Each item can be included multiple times.
Recurrence: dp[i][w] = max(dp[i-1][w], value[i] + dp[i][w - weight[i]])

Variations

Subset Sum, Partition Equal Subset Sum, etc. Often involve modifying the knapsack recurrence.

Optimization Techniques

Space Optimization

Reducing Space Complexity

In some DP problems, you only need the previous row or column to compute the current one. In these cases, you can reduce space complexity by using only two rows or columns instead of storing the entire table.
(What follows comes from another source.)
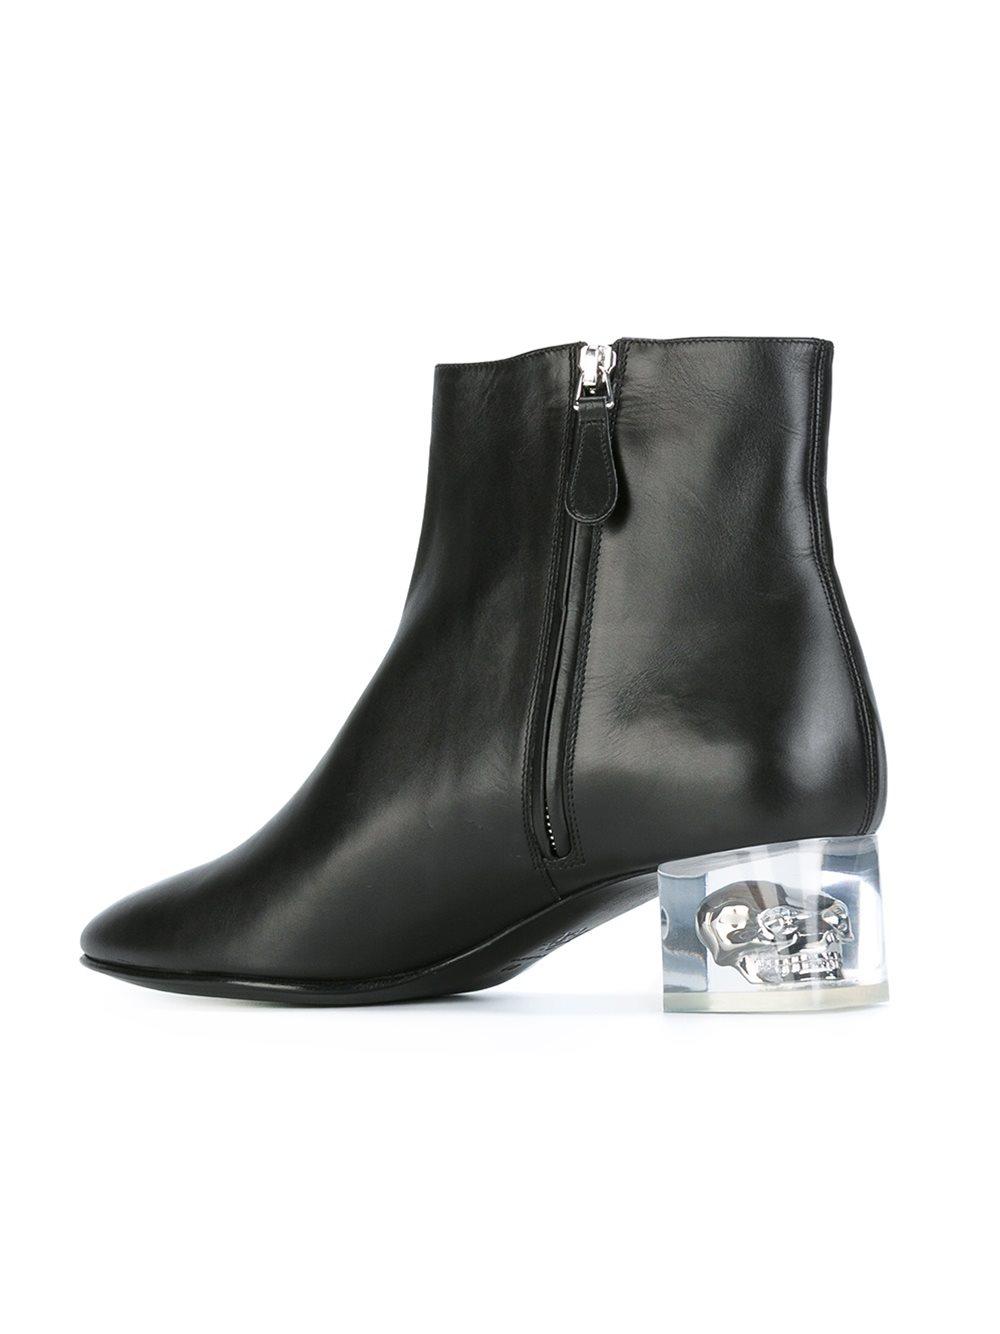 Alexander Mcqueen Leather Skull Heel Ankle Boots In Black

Example: Fibonacci (Space Optimized)

def fibonacci_space_optimized(n):
    if n <= 1:
        return n
    a, b = 0, 1
    for _ in range(2, n + 1):
        a, b = b, a + b
    return b

Time Optimization

Avoiding Redundant Calculations

Memoization is a key technique to avoid recomputing the same subproblems. Ensure your base cases are correctly defined to prevent infinite recursion.

Careful Recurrence Design

A well-defined recurrence relation can significantly impact the time complexity. Consider alternative formulations that might lead to faster computation.

Bitmasking

When to Use

When the problem involves sets or subsets of elements, and the size of the set is relatively small (<= 20).

Representation

Represent a set as an integer, where the ith bit is 1 if the ith element is in the set, and 0 otherwise.

Example

Traveling Salesman Problem (TSP) variations, Set Cover Problem.

Practice Problems

Classic Problems

  • Longest Common Subsequence (LCS)
  • Longest Increasing Subsequence (LIS)
  • Coin Change Problem
  • Rod Cutting Problem

Medium Difficulty

  • Maximum Subarray Problem (Kadane’s Algorithm)
  • Word Break Problem
  • Minimum Cost Path in a Grid

Hard Difficulty

  • Regular Expression Matching
  • Edit Distance with Constraints
  • Matrix Chain Multiplication

Tips for Interview Prep

  • Understand the Problem: Clarify constraints and edge cases.
  • Explain Your Approach: Articulate your thought process clearly.
  • Write Clean Code: Pay attention to variable names, comments, and code structure.
  • Test Thoroughly: Test with various inputs, including edge cases.
  • Analyze Complexity: Determine time and space complexity.